Existing data on structures and biological activities are limited and distributed unevenly across distinct molecular targets and chemical compounds. The question arises if these data represent an unbiased sample of the general population of chemical-biological interactions. To answer this question, we analyzed ChEMBL data for 87,583 molecules tested against 919 protein targets using supervised and unsupervised approaches. Hierarchical clustering of the Murcko frameworks generated using Chemistry Development Toolkit showed that the available data form a big diffuse cloud without apparent structure. In contrast hereto, PASS-based classifiers allowed prediction whether the compound had been tested against the particular molecular target, despite whether it was active or not. Thus, one may conclude that the selection of chemical compounds for testing against specific targets is biased, probably due to the influence of prior knowledge. We assessed the possibility to improve (Q)SAR predictions using this fact: PASS prediction of the interaction with the particular target for compounds predicted as tested against the target has significantly higher accuracy than for those predicted as untested (average ROC AUC are about 0.87 and 0.75, respectively). Thus, considering the existing bias in the data of the training set may increase the performance of virtual screening.

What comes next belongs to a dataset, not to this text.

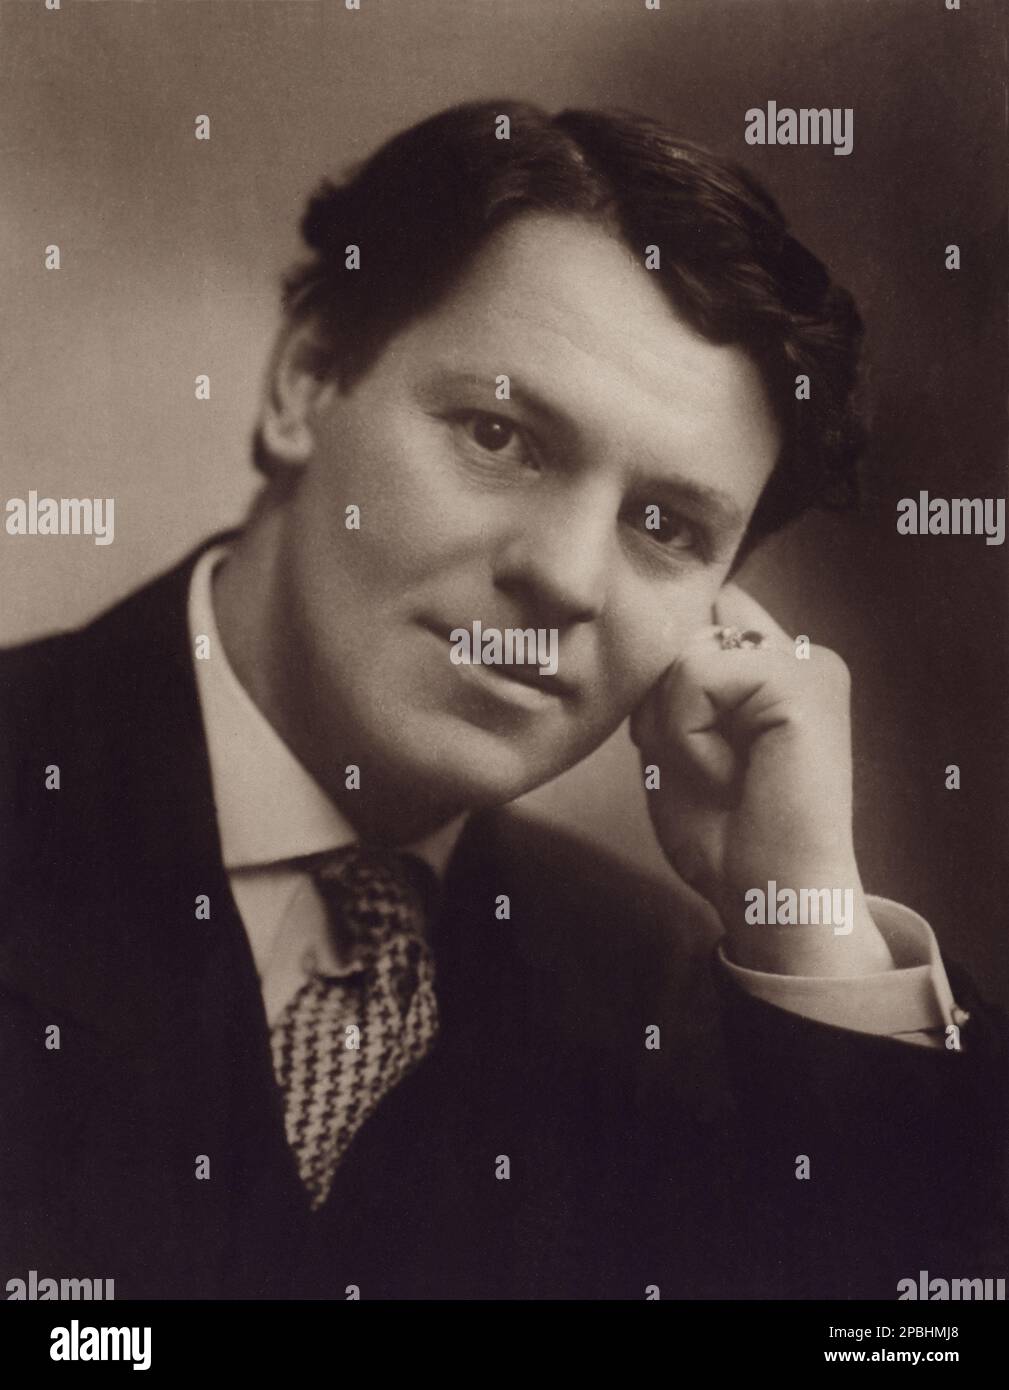 1920 ca,  Germany : The german-albanian theatre actor  ALEXANDER MOISSI ( 1879 - 1935 ). Photo by A. Mocsigay , Hamburg .  - Aleksander Moisiu - TEATRO - THEATER - THEATRE - Avanguardi - Avantgarde - attore teatrale -  tie - cravatta - collar - colletto   ----  Archivio GBB Stock Photo

有关结构和生物活性的现有数据有限，并且在不同的分子靶标和化合物之间分布不均。如果这些数据代表了化学生物相互作用的总体种群的无偏样本，就会出现问题。为了回答这个问题，我们使用有监督和无监督的方法分析了针对919个蛋白质靶标测试的87,583个分子的ChEMBL数据。使用化学开发工具包生成的Murcko框架的层次聚类表明，可用数据形成了一个大的弥散云，没有明显的结构。与此相反，基于PASS的分类器允许预测该化合物是否已针对特定分子靶标进行了测试，尽管该化合物是否具有活性。从而，可能会得出结论，针对特定目标进行测试的化合物选择存在偏见，这可能是由于先验知识的影响。我们使用以下事实评估了改善（Q）SAR预测的可能性：对于通过针对目标进行预测的化合物，通过PASS预测与特定目标相互作用的准确度要比未经测试的预测准确度高得多（平均ROC AUC约为0.87，分别为0.75）。因此，考虑训练集数据中的现有偏差可能会提高虚拟筛选的性能。与针对未经测试的化合物相比，通过PASS预测与目标化合物相互作用的PASS预测的准确性要高得多（平均ROC AUC分别约为0.87和0.75）。因此，考虑训练集数据中的现有偏差可以提高虚拟筛选的性能。与针对未经测试的化合物相比，通过PASS预测与目标化合物相互作用的PASS预测的准确性要高得多（平均ROC AUC分别约为0.87和0.75）。因此，考虑训练集数据中的现有偏差可以提高虚拟筛选的性能。